Work instruction
Images should be left out, and everything else in the listing reproduced exactly.

Information supplied

== Segment start ==

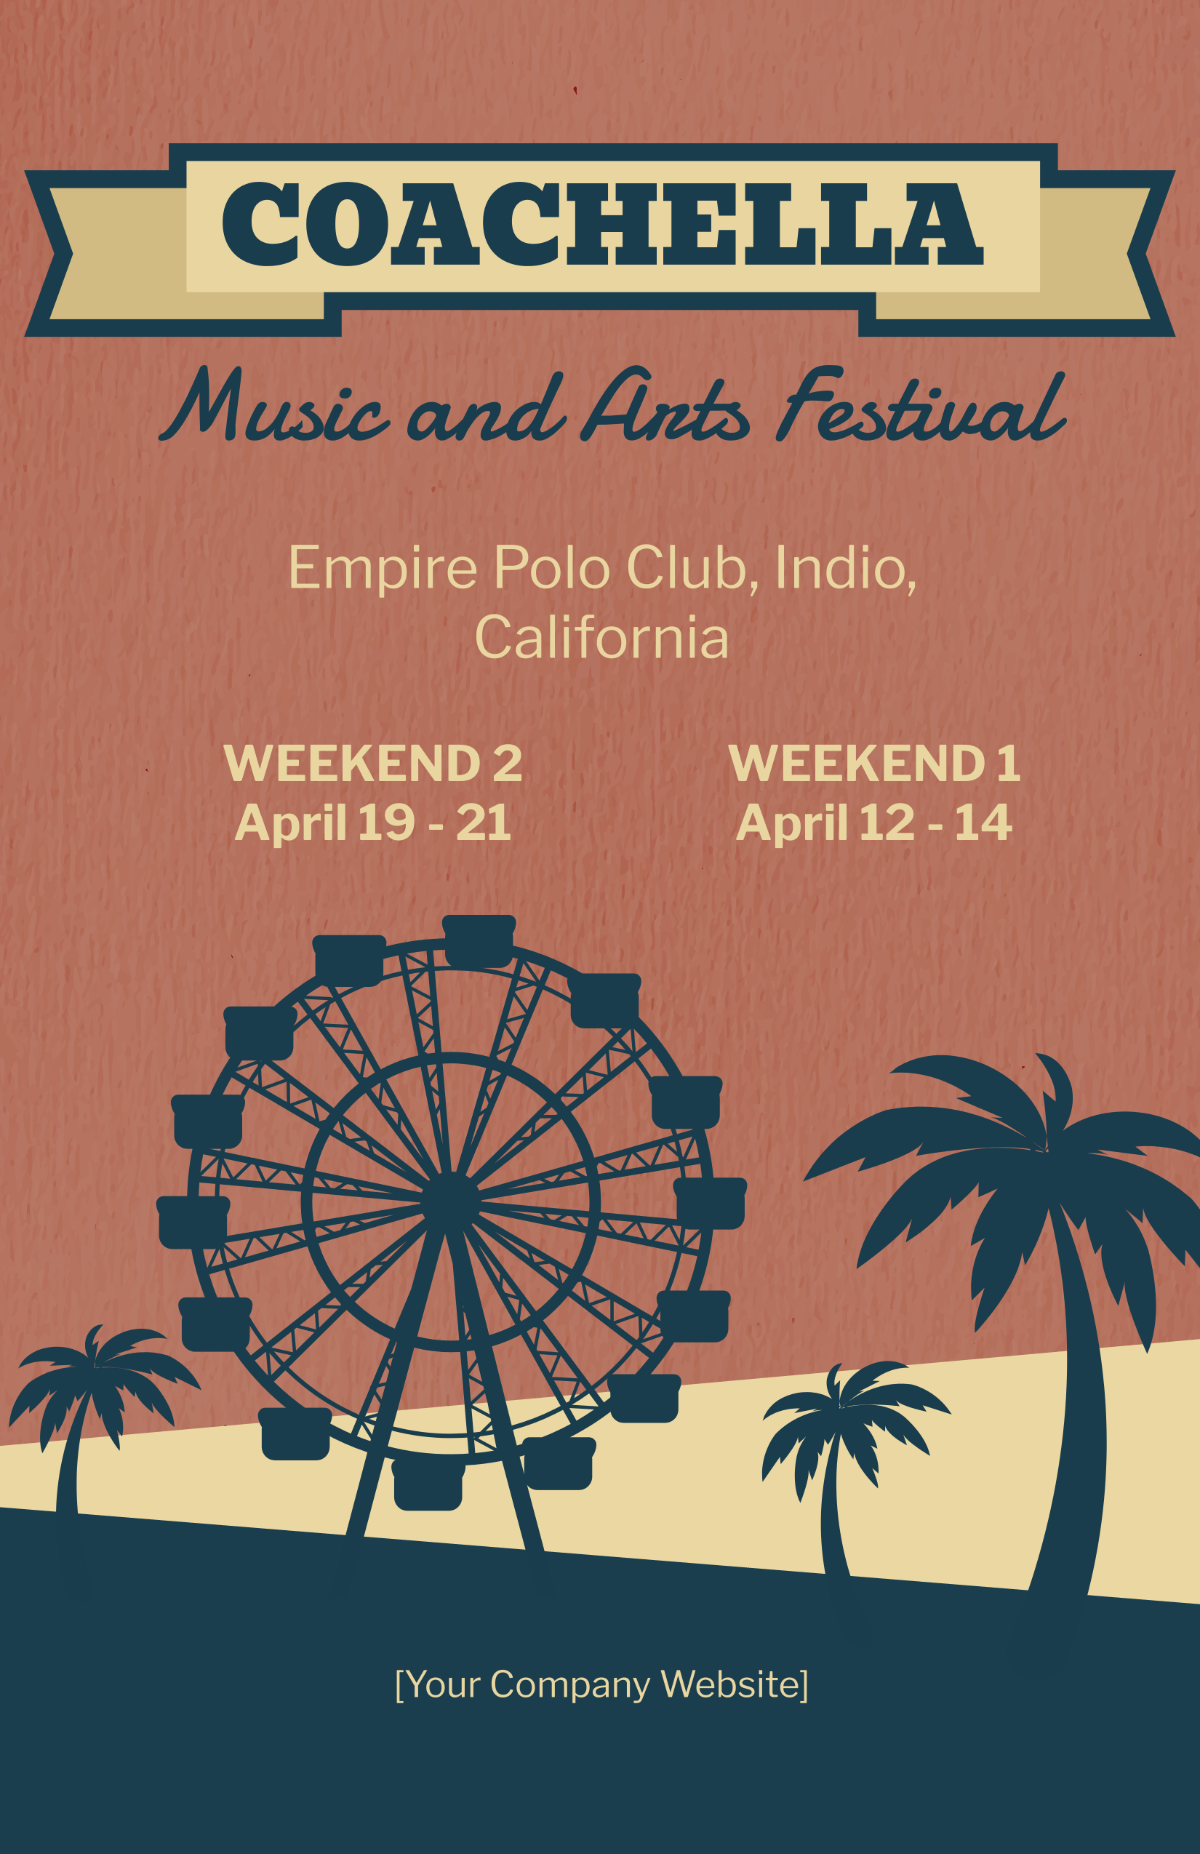 Old Coachella Poster Template
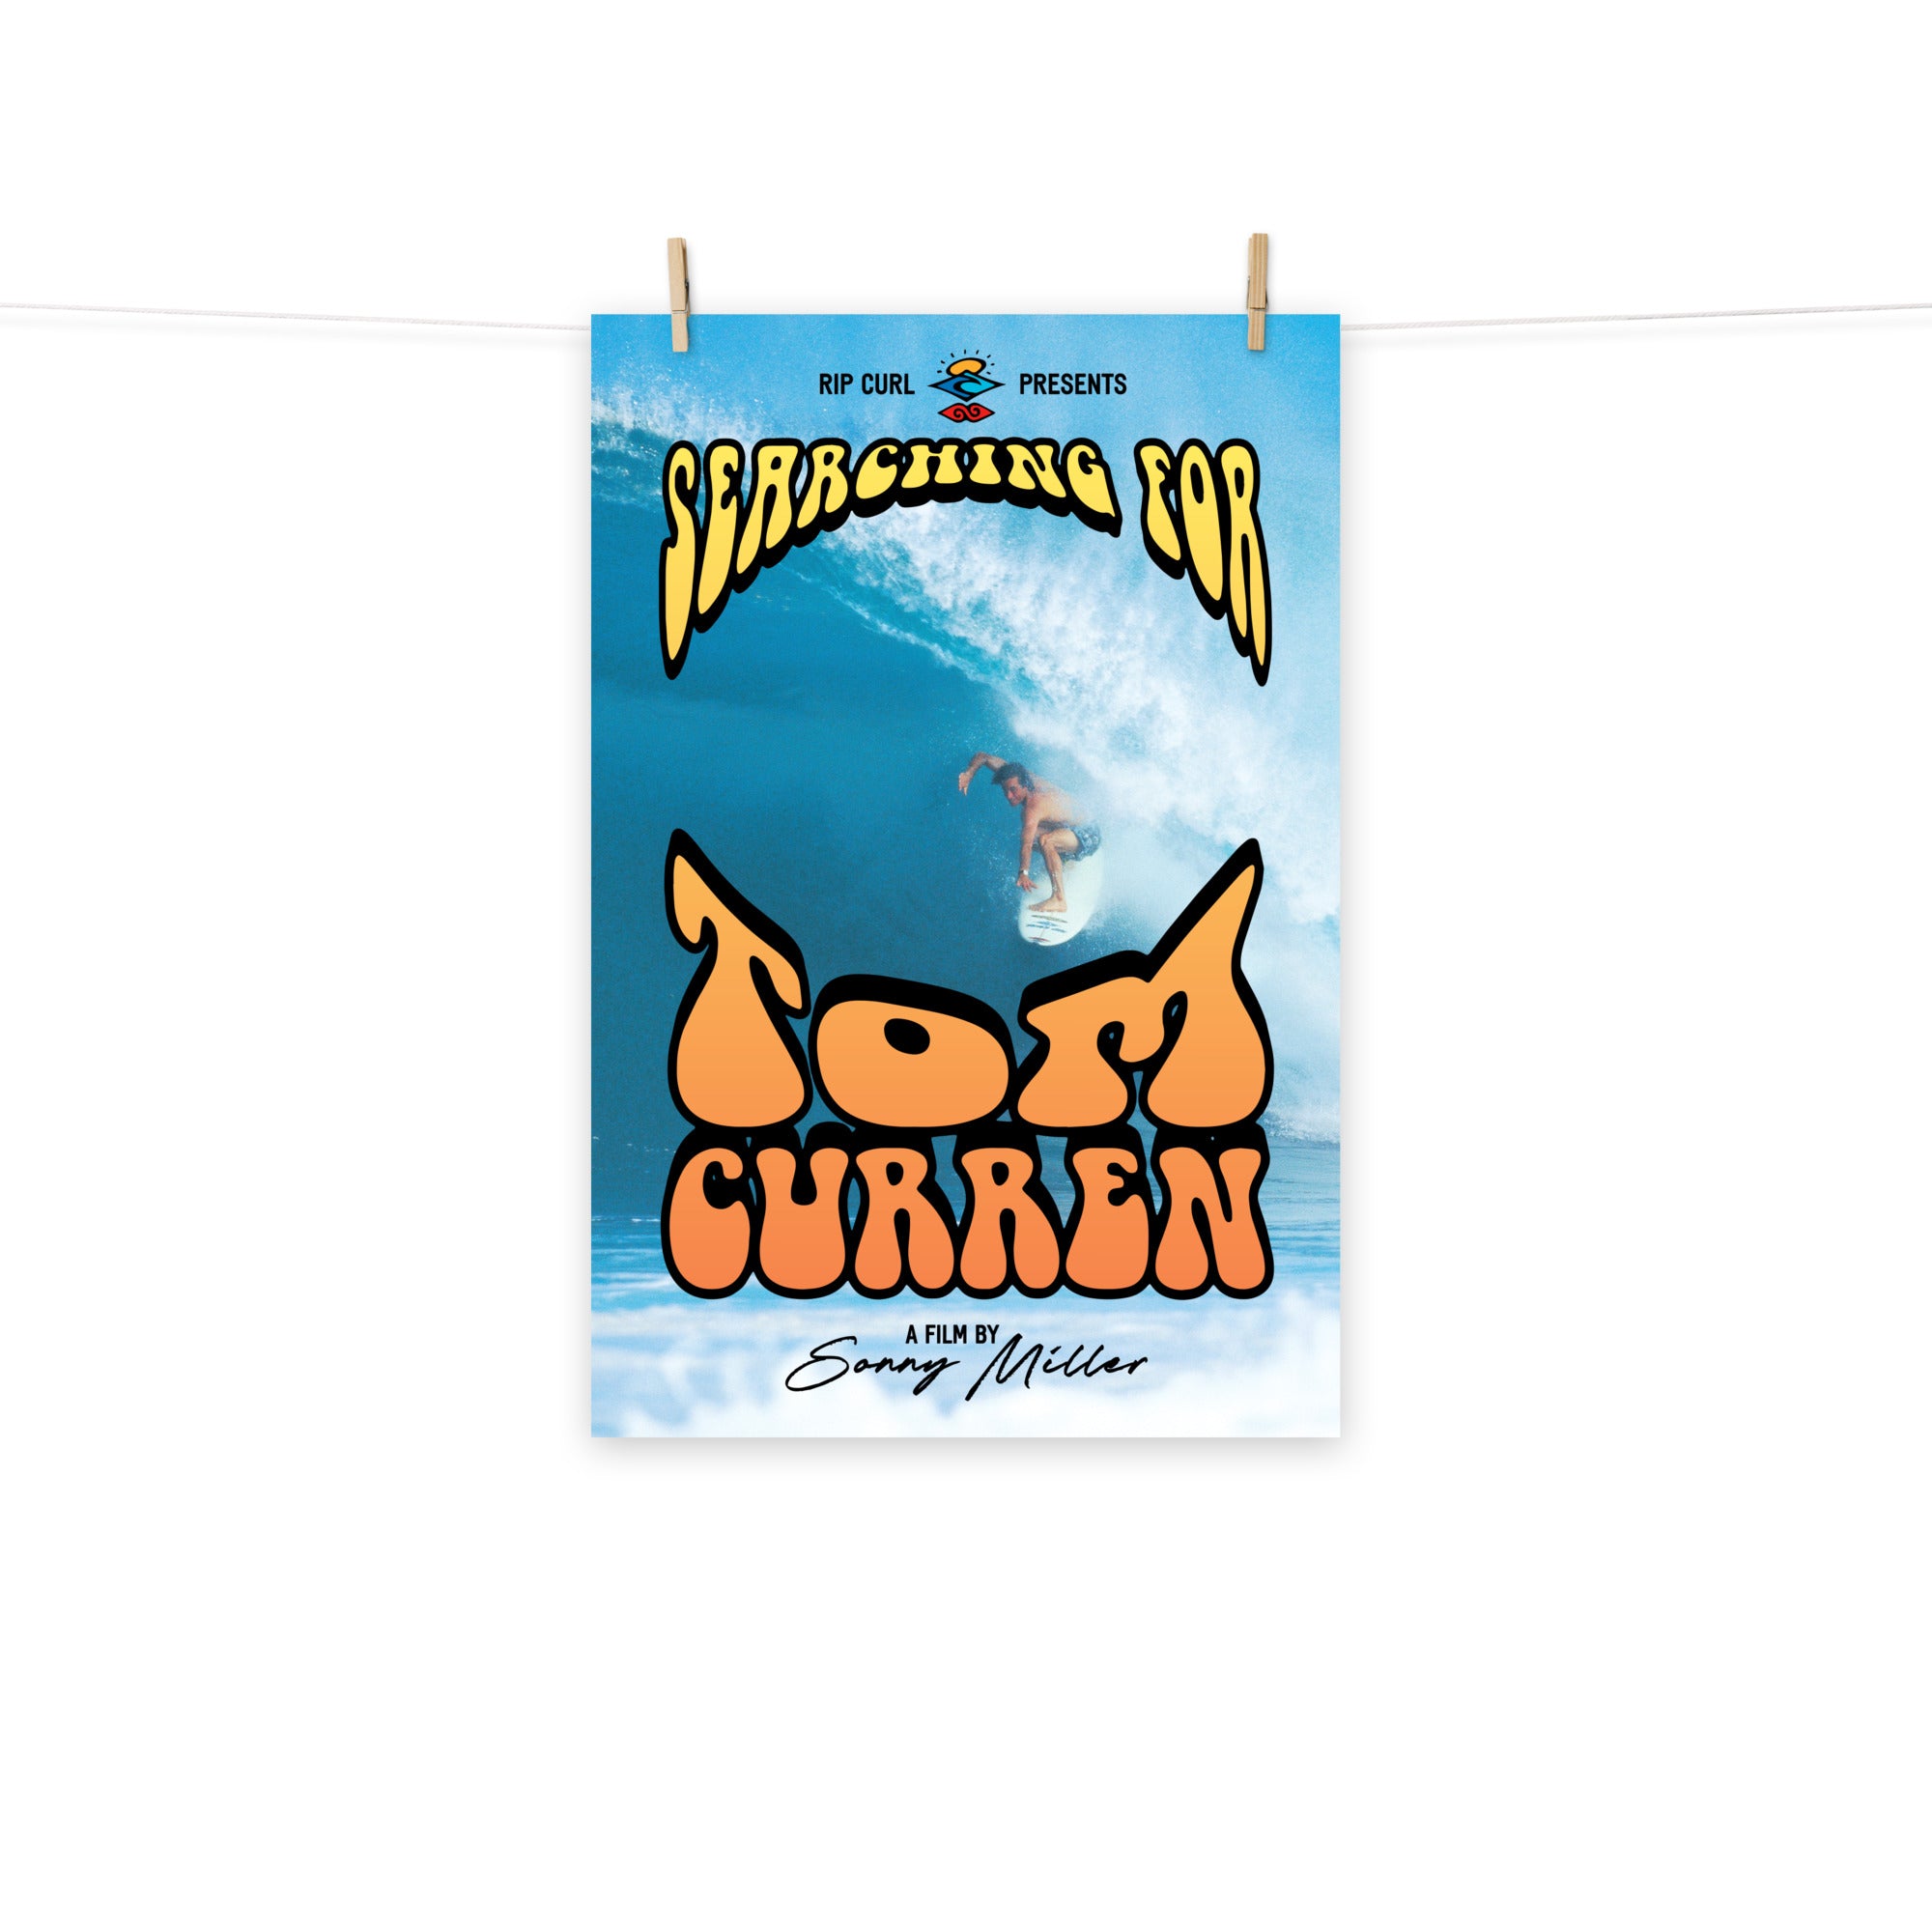 Searching for Tom Curren Poster | Thick Matte Paper 20x30 or 24x36
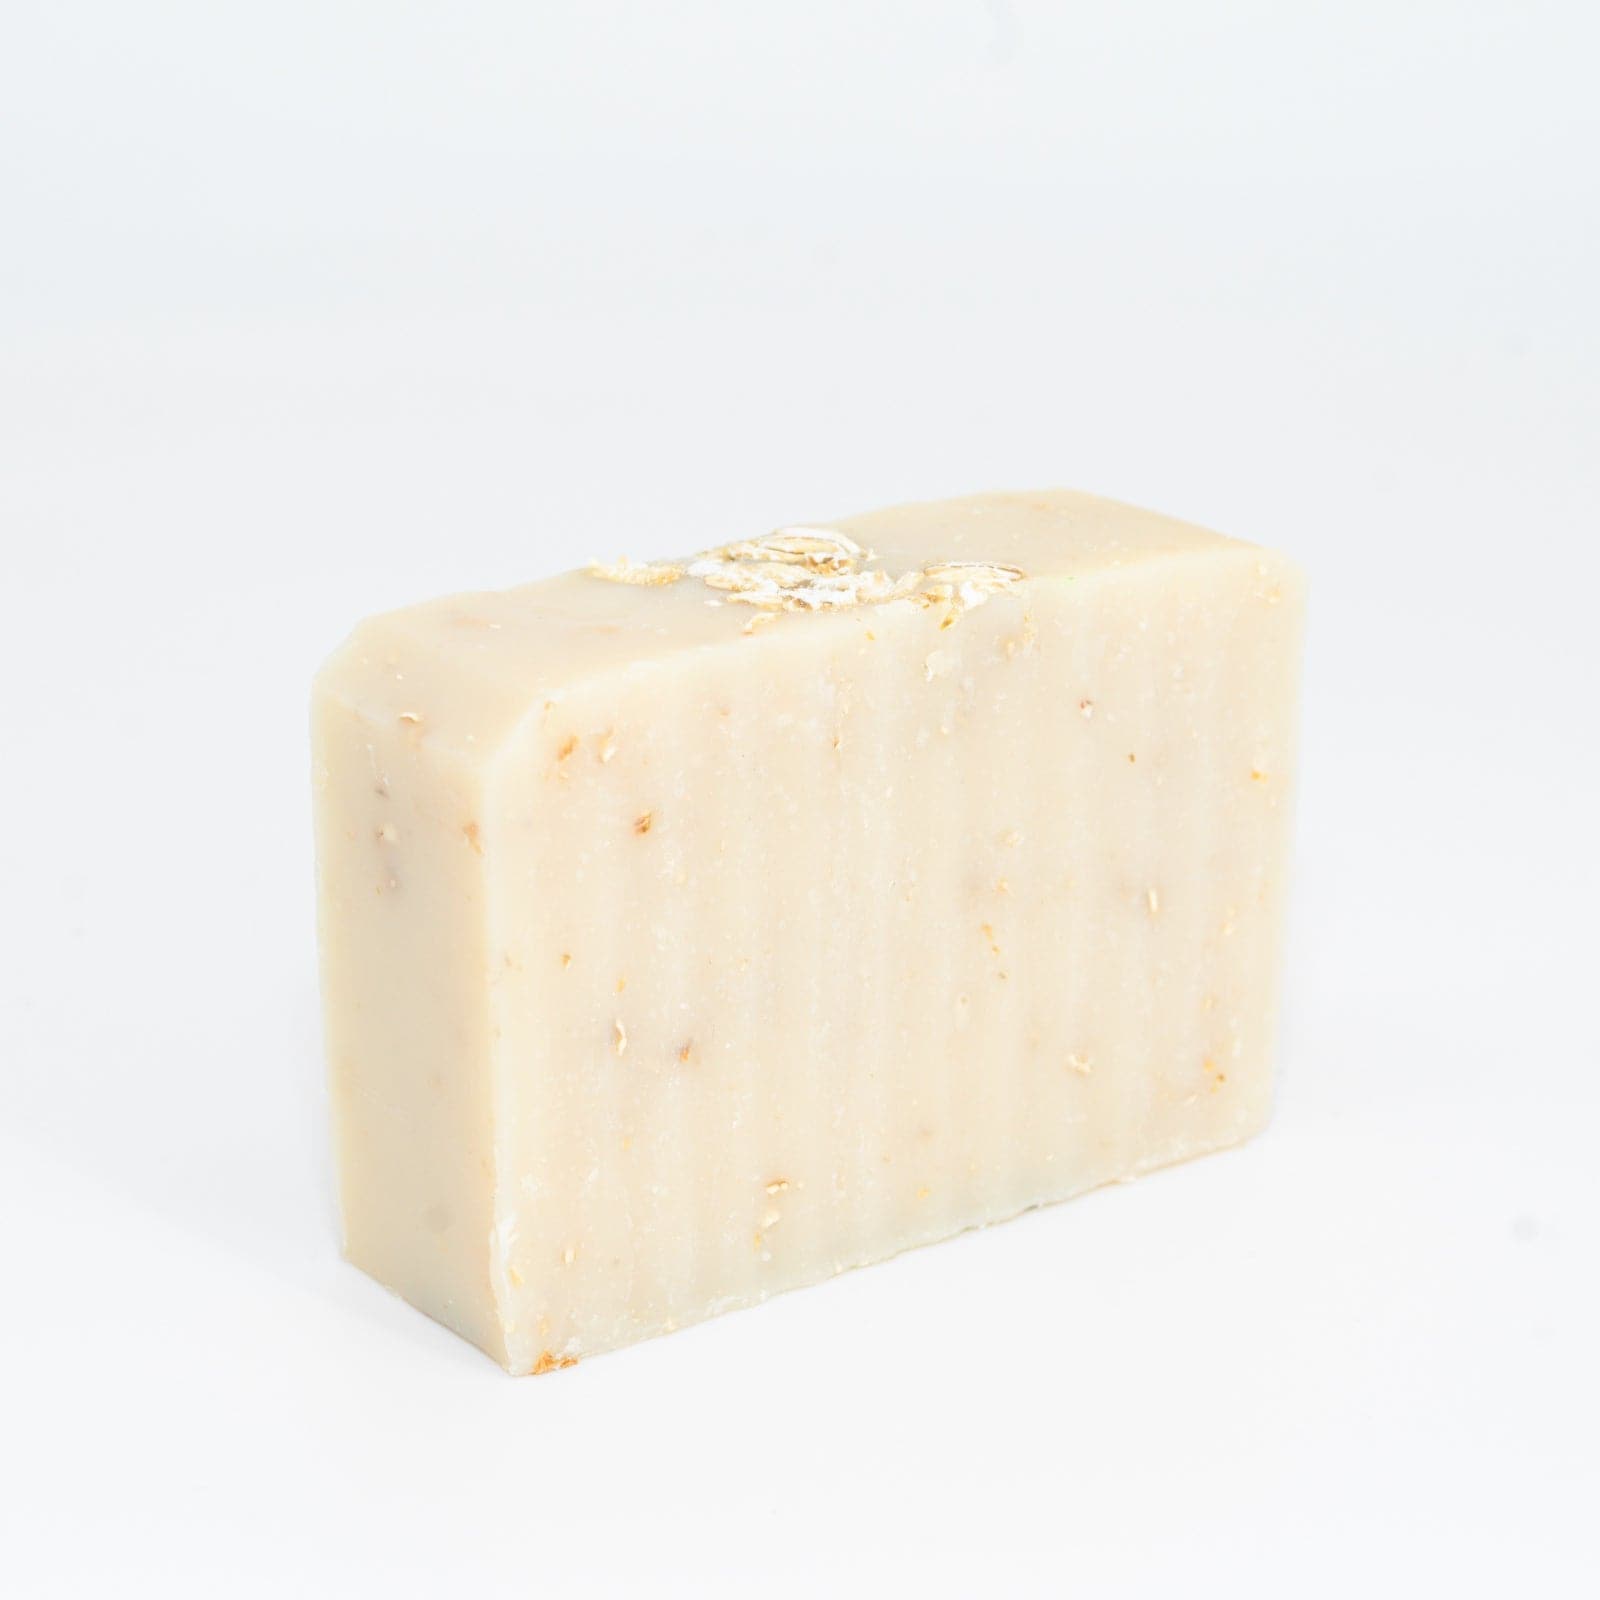 Bar of Oatmeal Honey Shea Butter Soap placed on side

== Segment end ==

Written answer
 Old Coachella Poster Template
 Searching for Tom Curren Poster | Thick Matte Paper 20x30 or 24x36
 Bar of Oatmeal Honey Shea Butter Soap placed on side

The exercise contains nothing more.